Well, first off, the way we work has become unsustainable: back-to-back video meetings for five hours without a break have become, sadly, quite normal. Employees are keen to be permanently ON, to be seen to be delivering maximum value, and doing this remotely is hard, very hard.
Second, inequalities have been exacerbated by the pandemic. For example, women are doing more household chores while working at home than men. This gives men a head start, and it just isn’t fair.
And as we’ve seen in this podcast series, new joiners are finding themselves on the back foot, missing out on building relationships with colleagues.
So, what do organizations need to do?
They need to design for positive behavior change.

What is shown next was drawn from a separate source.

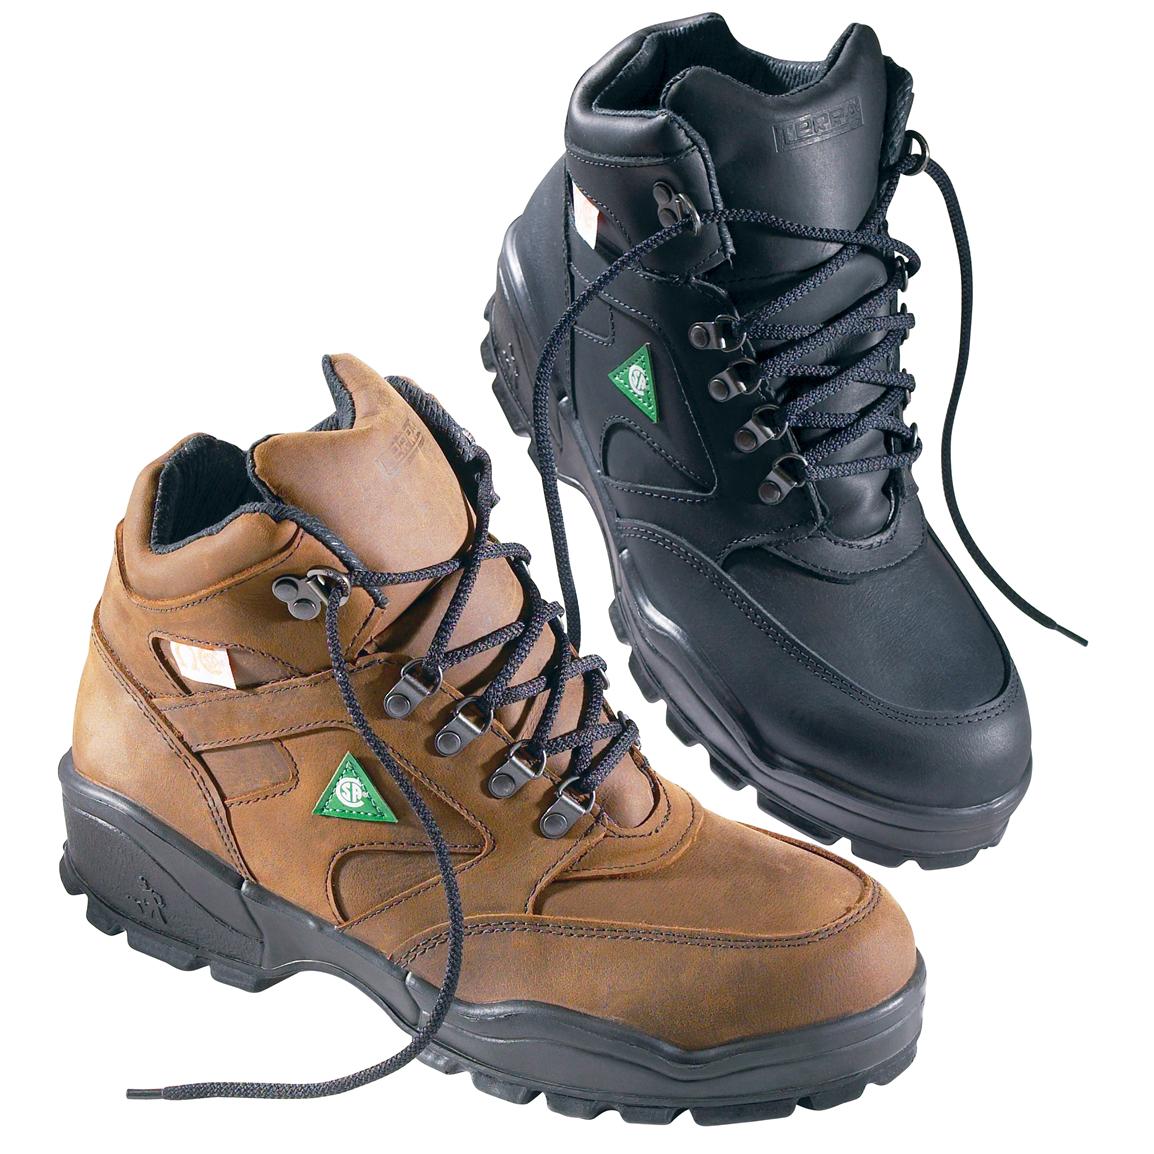 Men's TerraÂ® Steel Toe AL Series Boots - 33966, Work Boots at Sportsman's Guide

That means encouraging people to take breaks, having fewer meetings, being more mindful of scheduling, giving them tools, both physical and digital, to make them more comfortable, controlling the workload, and resetting boundaries.
Easier said than done, but absolutely necessary!
The fourth flawed belief is that Success means maximum productivity
When then reality is that maximum productivity comes at a cost
Yes, workers are more productive than ever, but they also seem to be more burnt out.
An Indeed survey showed over half (52%) of respondents are experiencing some burnout symptoms in 2021.
And that means that maximum productivity may not be sustainable, and that to retain healthy employees, there needs to be a shift away from increasing productivity and decreasing office space.
According to Accenture, the intensity of the pandemic has seeped through to the way we work, and it simply isn’t reasonable to expect people to continue at such a level.
So there needs to be a massive reset, putting purpose and wellbeing at the top of their success metrics, rather than mere productivity.
Companies must set boundaries and actively enforce them so that people can find and maintain a healthy line between their professional and private lives.
Get it wrong, and companies will bleed talent.
Get it right, and you keep your talent, while improved employee experience leads to improved customer experience and increased customer retention.
What do organizations need to do?
According to Accenture, companies must Measure sustainable productivity.
That means forgetting presenteeism and going instead for high-quality outcomes that can be maintained long term.
The 5th and final belief is that location is the most important factor
The Reality: The most important thing to figure out is how we enable smart work anywhere
That means looking at five key areas:
First, space: format, ergonomics, furniture, lighting, acoustics — and that needs to be got right across offices, the home, and other spaces, such as co-working sites.
Second, Digital: the most adapted technology and remote working tools are key. You’ve got to investigate, invest, and train. Make sure everyone can use these tools perfectly.
Third: Culture: the personality of your organization needs to be felt across every touchpoint. This means creating rituals, support programs, and incentives that build a sense of belonging wherever your workers are.
And finally, responsibility: inclusion, diversity, sustainability, and wellbeing must be visible priorities at all times.